The formation process of the magma erupted at Payún Matrú begins with partial melting of enriched mantle;[92] the resulting melts then undergo crystal fractionation,[93] assimilation of crustal material[94] and magma mixing in magma chambers.[95] The magmas eventually reach the surface through deep faults.[37] The edifice of Payún Matrú acts as an obstacle to magmas ascending to the surface; this is why only evolved[c] magmas are erupted in the caldera area of Payún Matrú while basic magmas reached the surface mainly outside of the main edifice.[97]

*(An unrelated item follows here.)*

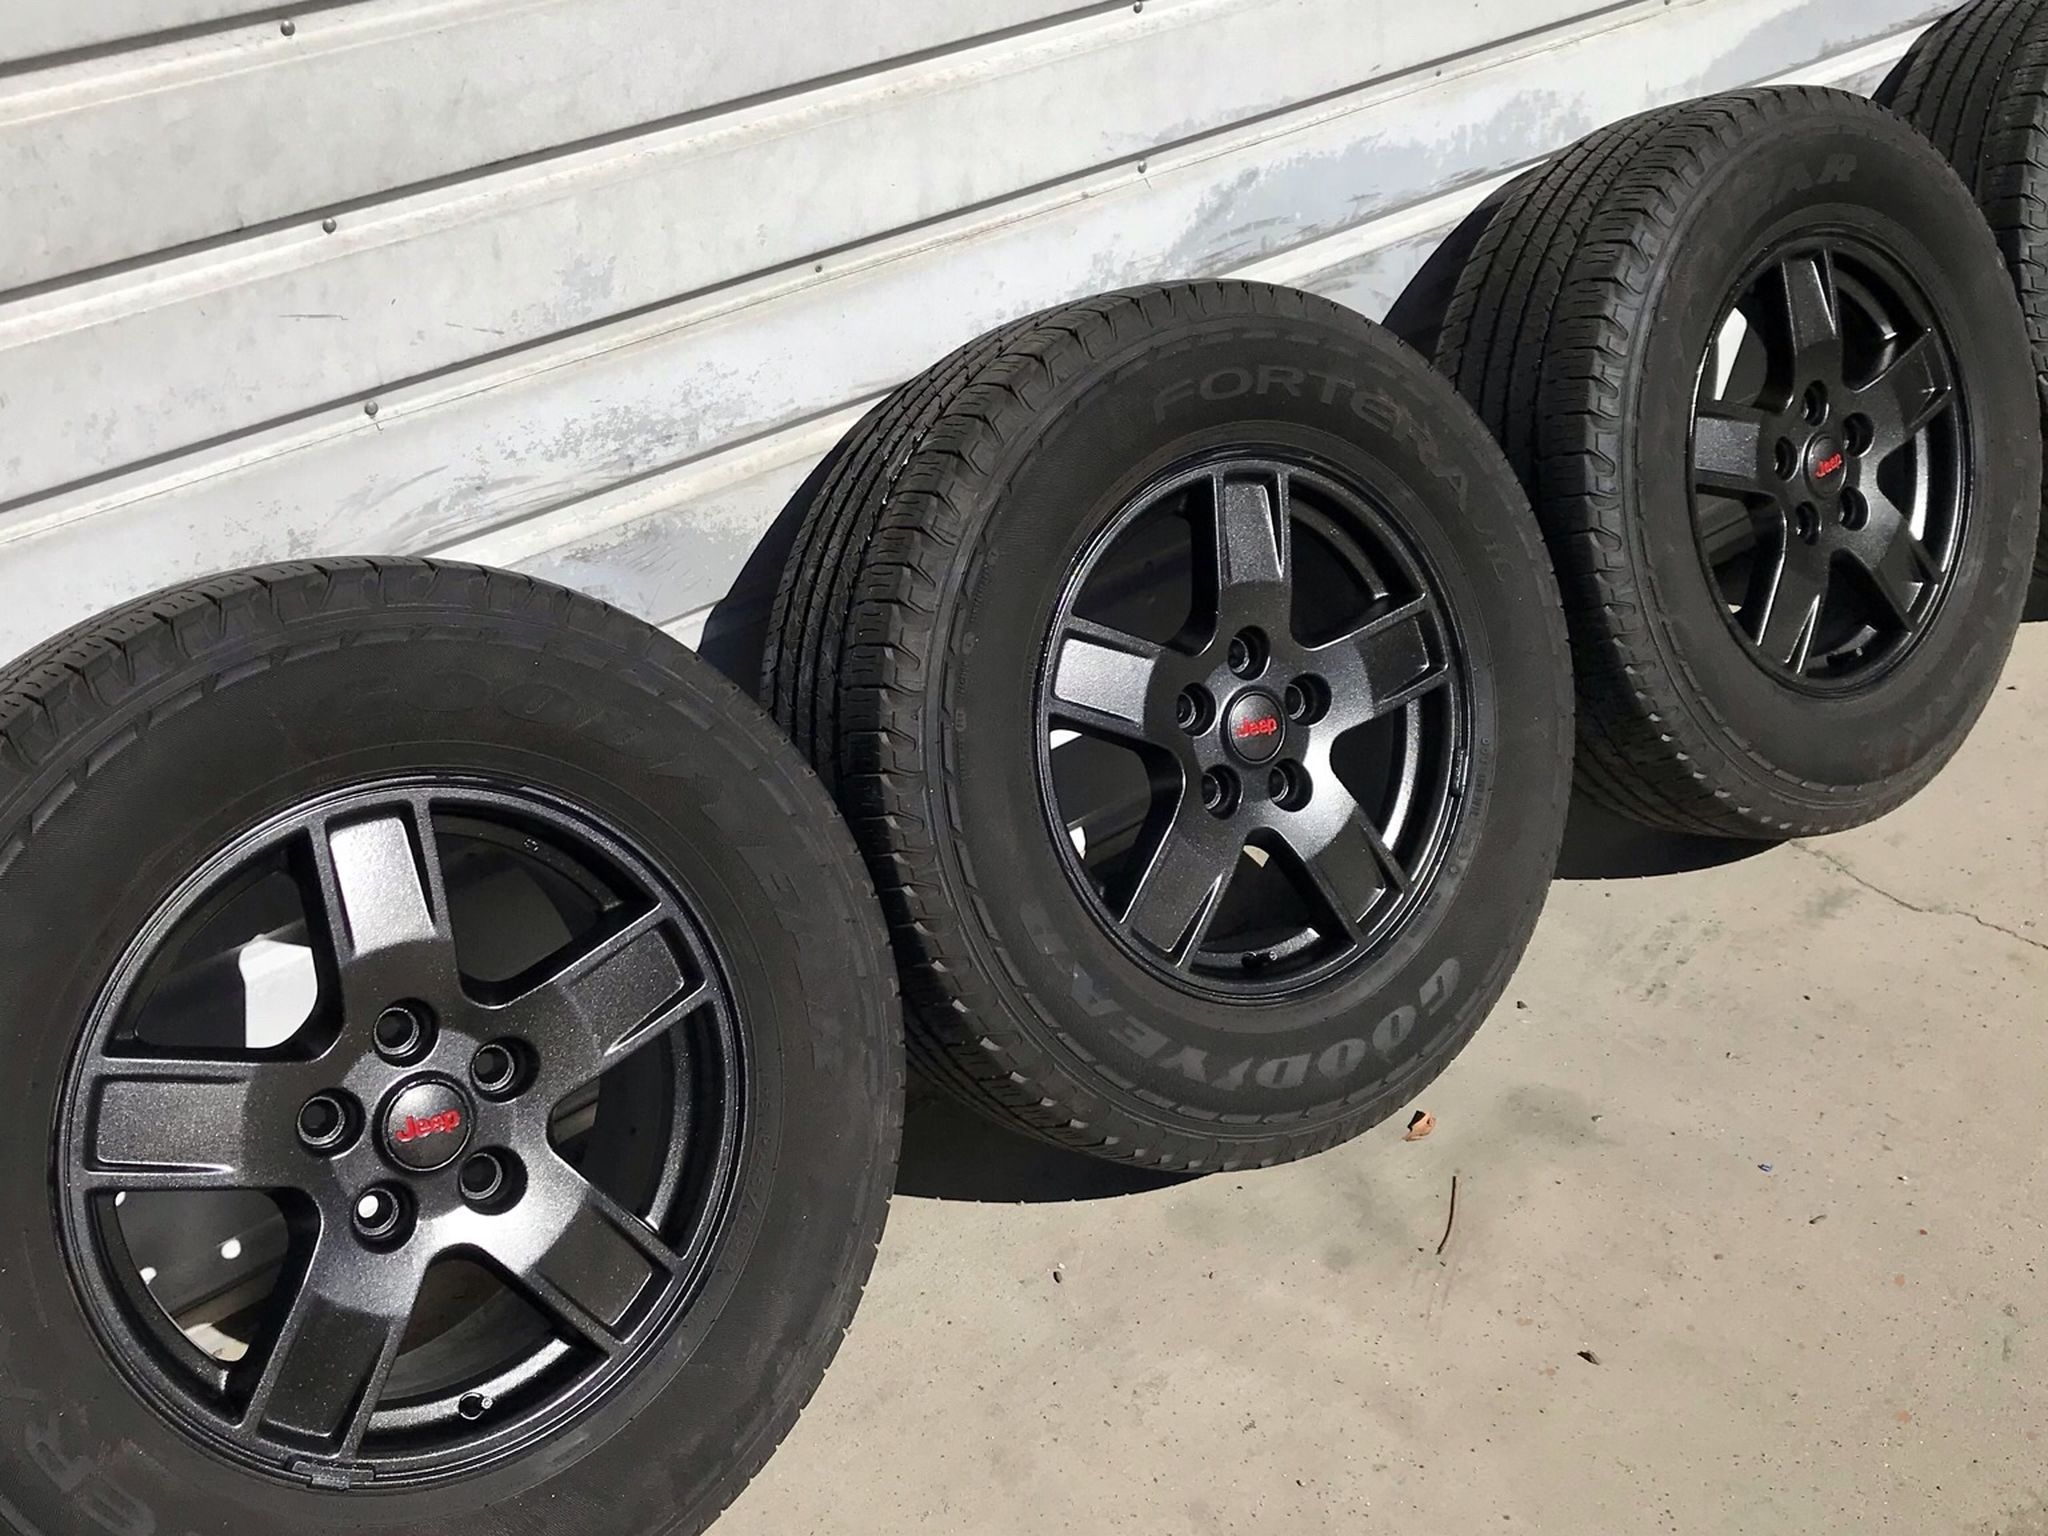 4 Jeep Wrangler 17” Stock Black Wheels OEM Rims Goodyear Fortera 245/70R17 Tires At 40% Tread Balanced 5 on 4.5” Bolt Pattern $325 Ontario 91762 Good
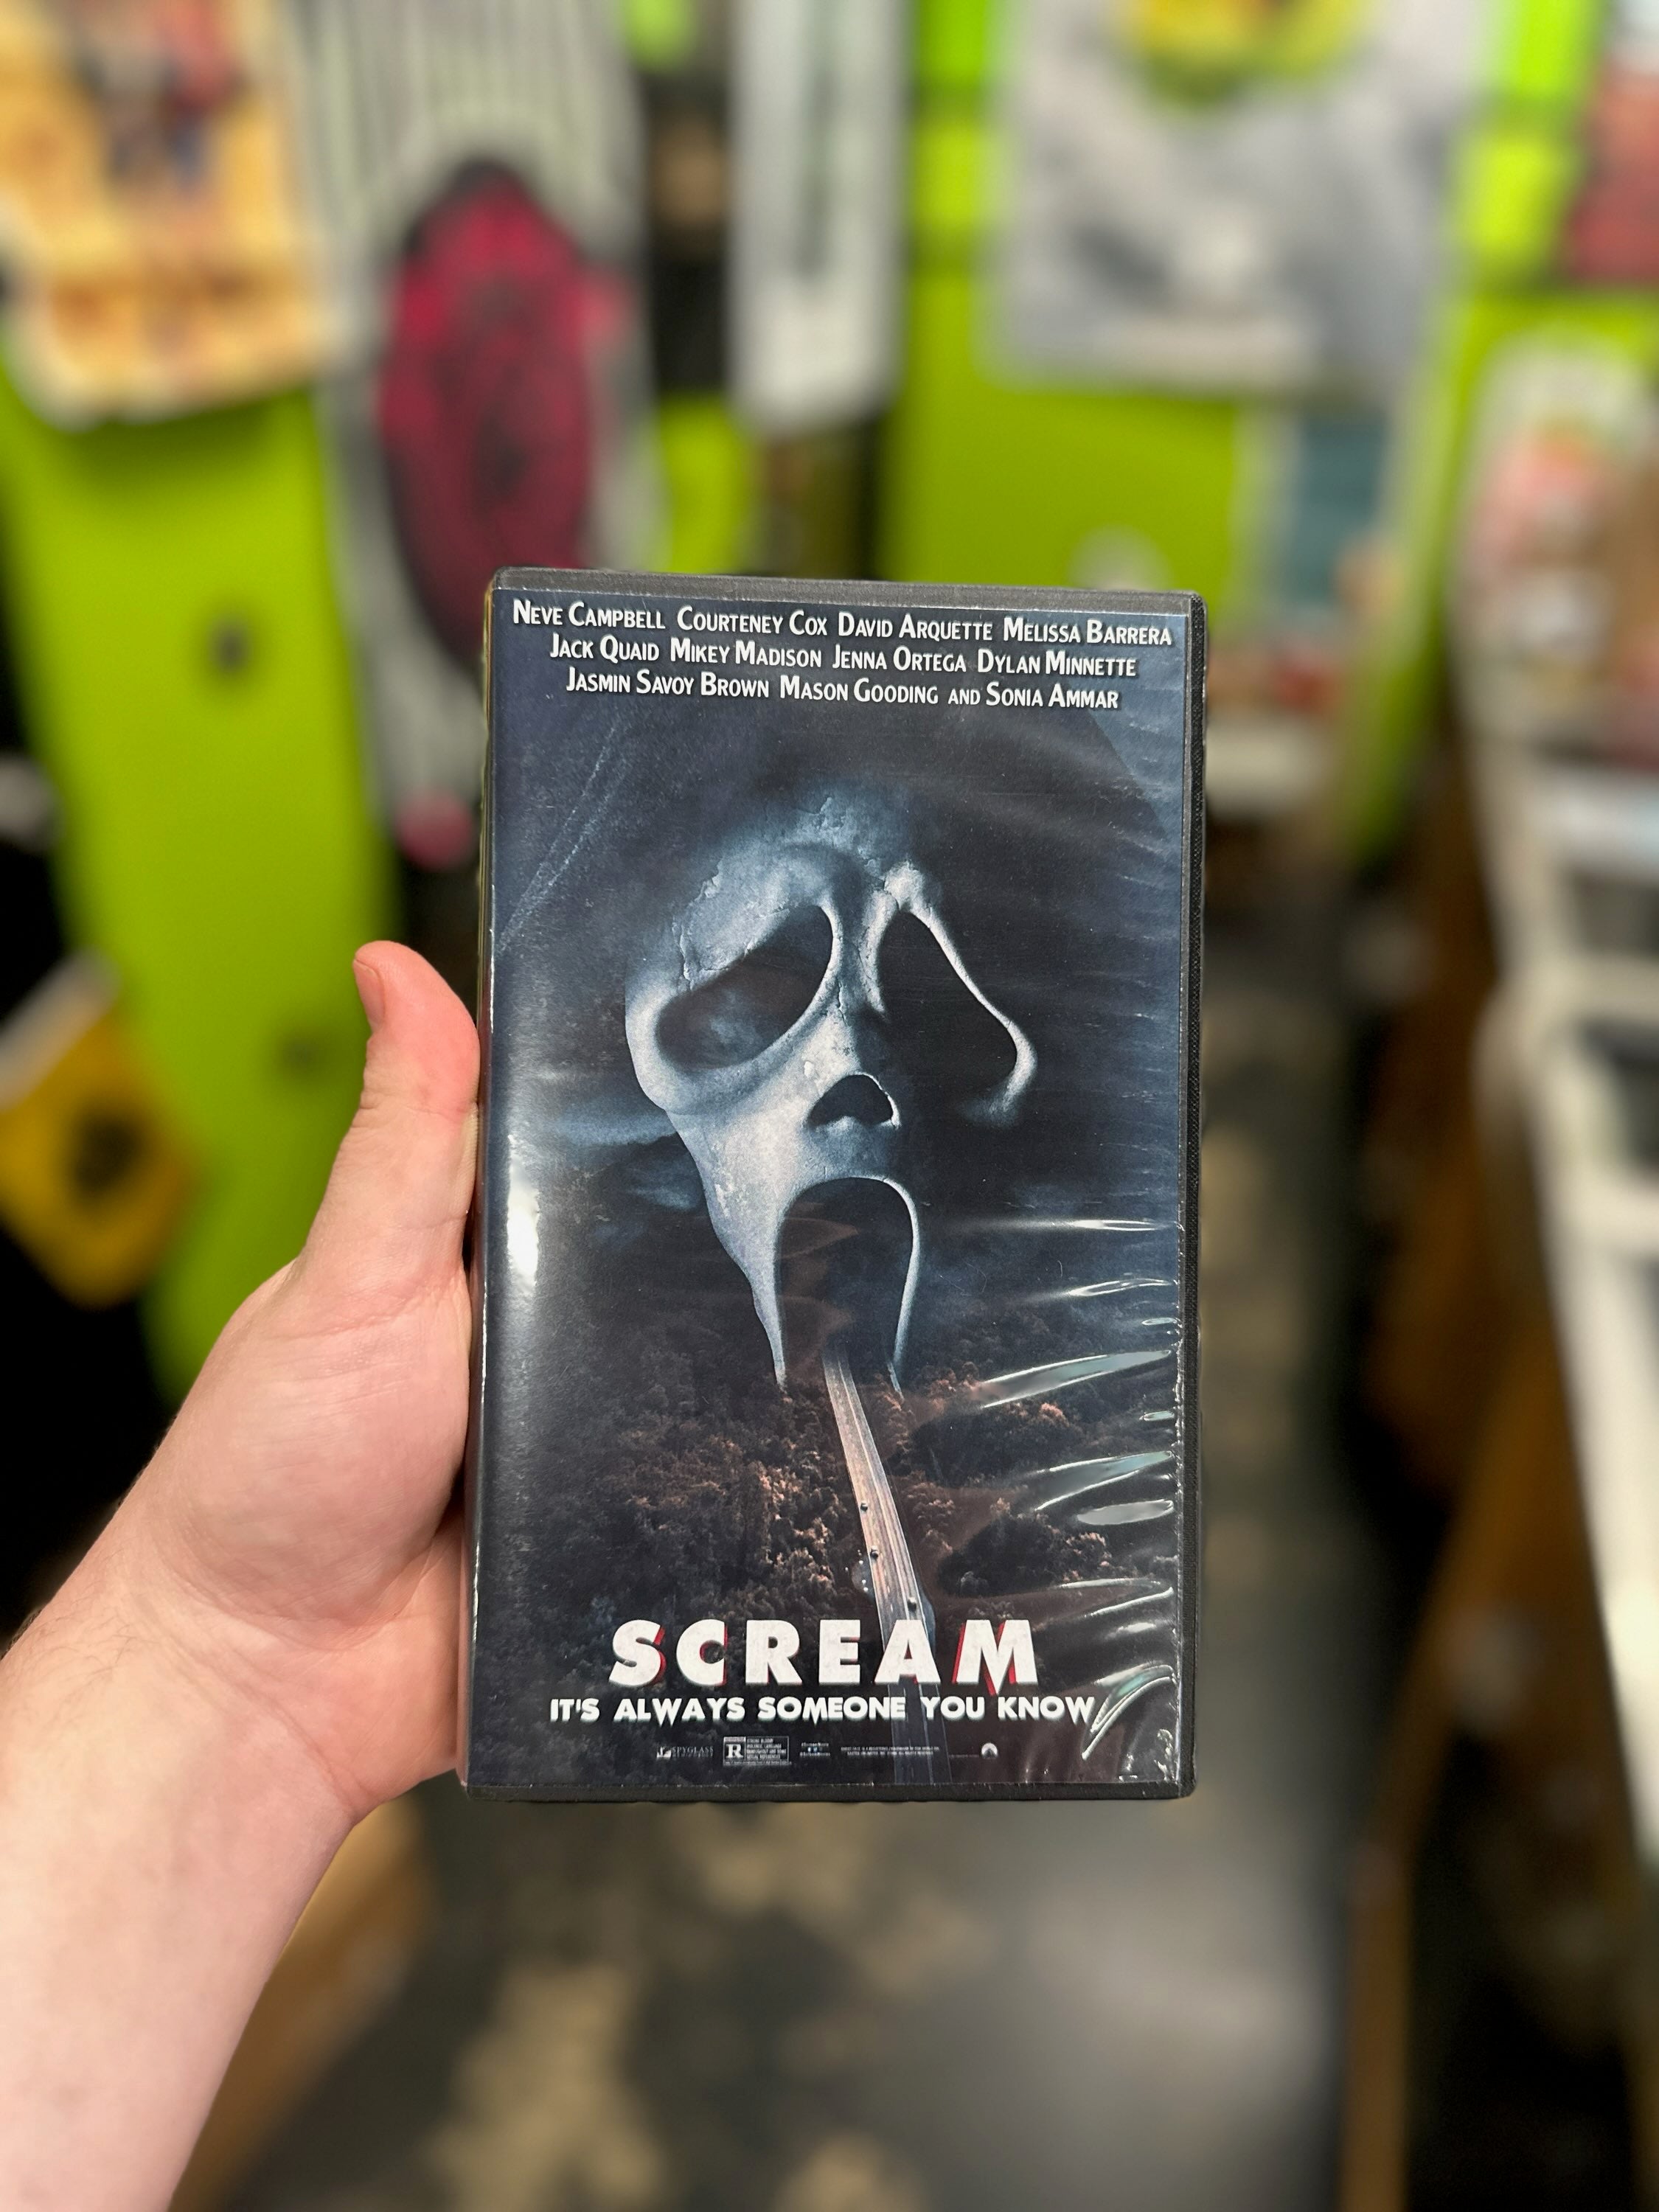 Scream V (Bloodsplatter VHS)(Brainbuster Video) - Darkside Records

Obsidian from Payún Matrú has been found in archeological sites, although its use was not widespread in the region perhaps owing to its low quality, the difficulty of accessing the volcanic complex and that human activity in Payunia only began comparatively late in the Holocene and mostly from the margins of the region.[98] Further, Payun volcano is notable for large crystals of hematite pseudomorphs which originated in fumaroles.[99]

Climate, soils and vegetation

The climate at Payún Matrú is cold and dry[8] with strong westerly winds.[37] Annual temperature varies between 20–2 °C (68–36 °F)[100] while the average temperature in the wider region is about 15 °C (59 °F) and the average annual precipitation amounts to 200–300 mm/a (7.9–11.8 in/year).[100][101] Generally, the area of Payún Matrú is characterized by a continental climate with hot summers especially at lower elevations and cold winters especially at higher elevations.[70] The climate is dry owing to the rainshadow effect of the Andes which block moisture bearing winds from reaching Payún Matrú, and strong winds and the evaporation associated with them reinforce the dryness.[101] In the westerly part of the volcanic field most precipitation falls during winter under the influence of the Andes, while the eastern part has most precipitation occurring during summer.[102] The higher parts of Payún Matrú may have risen above the snowline during ice ages,[103] and periglacial landforms have been observed.[104] Palynology data from south of the region indicate that the climate has been stable since the Late Pleistocene.[37]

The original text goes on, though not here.